3. Compare Files and Databases, discussing pros and cons of them
File System
Pros of the File System
Pros of Database
Cons of Database
4. Discuss different arrangements of data, giving examples for each
•Un-structured
Unstructured data (or unstructured information) is information that either does not have a pre-defined data model or is not organized in a pre-defined manner. Unstructured information is typically text-heavy, but may contain data such as dates, numbers, and facts as well.
Examples include e-mail messages, word processing documents, videos, photos, audio files, presentations, webpages and many other kinds of business documents.
•Semi-structured
Semi-structured data is data that is neither raw data, nor typed data in a conventional database system. It is structured data, but it is not organized in a rational model, like a table or an object-based graph. A lot of data found on the Web can be described as semi-structured. Data integration especially makes use of semi-structured data.

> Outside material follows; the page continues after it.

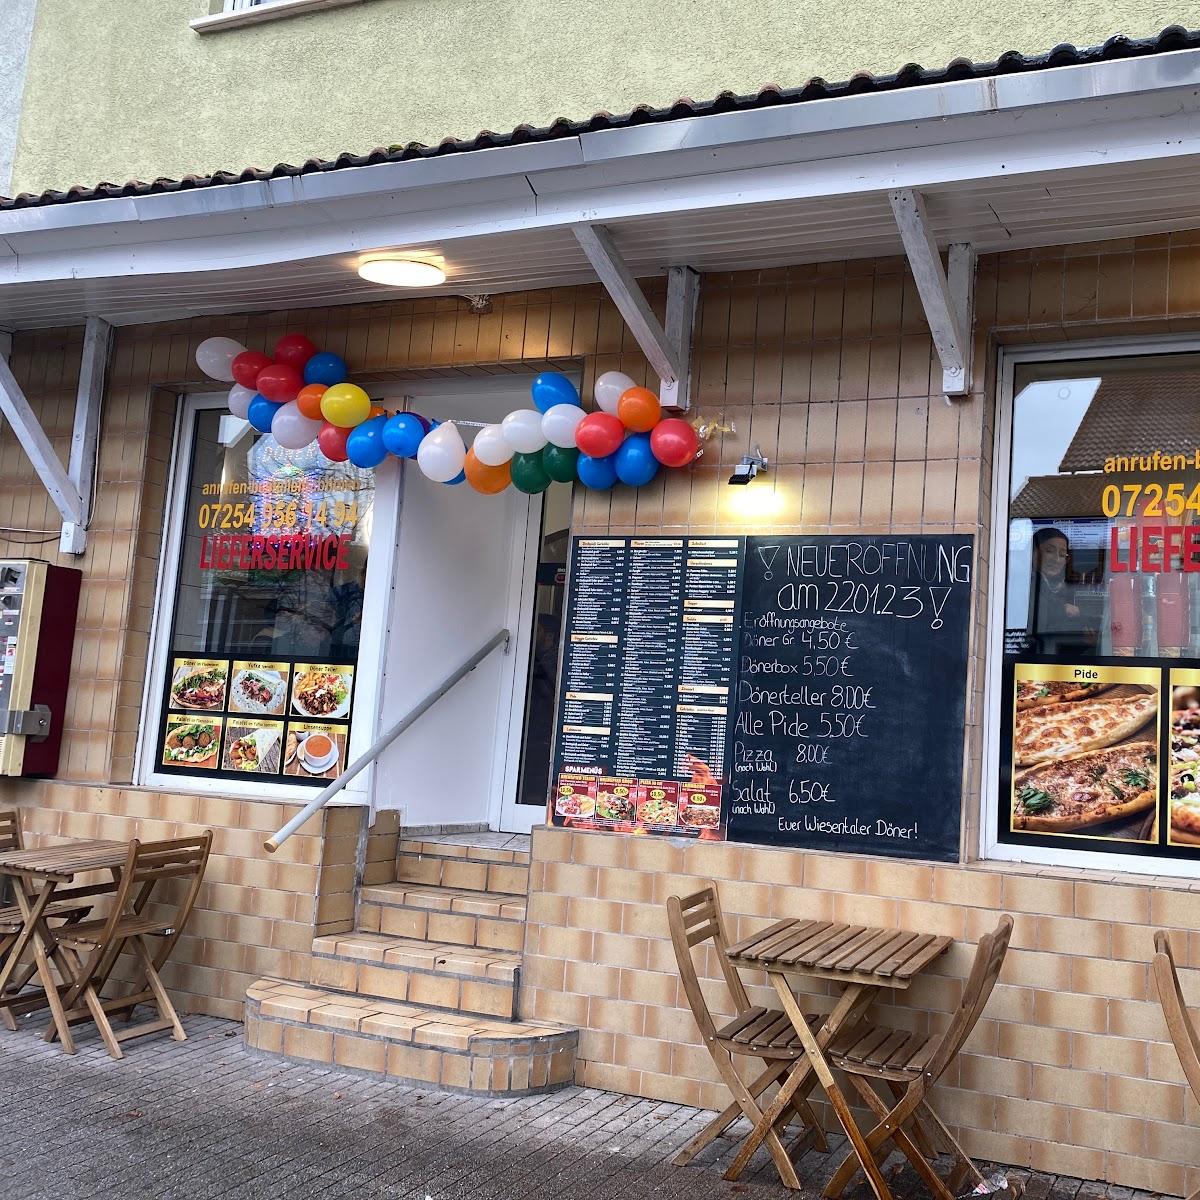 Restaurant "Wiesentaler Döner & Pizza" in Waghäusel

Examples of semi-structured : CSV but XML and JSON documents are semi structured documents, NoSQL databases are considered as semi structured.
•Structured
structured data. Structured data refers to any data that resides in a fixed field within a record or file. This includes data contained in relational databases and spreadsheets
Examples of structured data include numbers, dates, and groups of words and numbers called strings. Most experts agree that this kind of data accounts for about 20 percent of the data that is out there. Structured data is the data you're probably used to dealing with. It's usually stored in a database.
5. Explain different types of databases, providing examples for their use
Hierarchical Databases
In a hierarchical database management systems (hierarchical DBMSs) model, data is stored in a parent-children relationship nodes. In a hierarchical database, besides actual data, records also contain information about their groups of parent/child relationships
Example : IBM Information Management System (IMS) and the RDM Mobile
Network Databases
Network database management systems (Network DBMSs) use a network structure to create relationship between entities. Network databases are mainly used on a large digital computers. Network databases are hierarchical databases but unlike hierarchical databases where one node can have one parent only, a network node can have relationship with multiple entities. A network database looks more like a cobweb or interconnected network of records
Example : If we have to design a School Database, then Student will be an entity with attributes name, age, address etc. As Address is generally complex, it can be another entity with attributes street name, pincode, city etc, and there will be a relationship between them.
Relational Databases
In relational database management systems (RDBMS), the relationship between data is relational and data is stored in tabular form of columns and rows. Each column if a table represents an attribute and each row in a table represents a record. Each field in a table represents a data value.
Structured Query Language (SQL) is a the language used to query a RDBMS including inserting, updating, deleting, and searching records.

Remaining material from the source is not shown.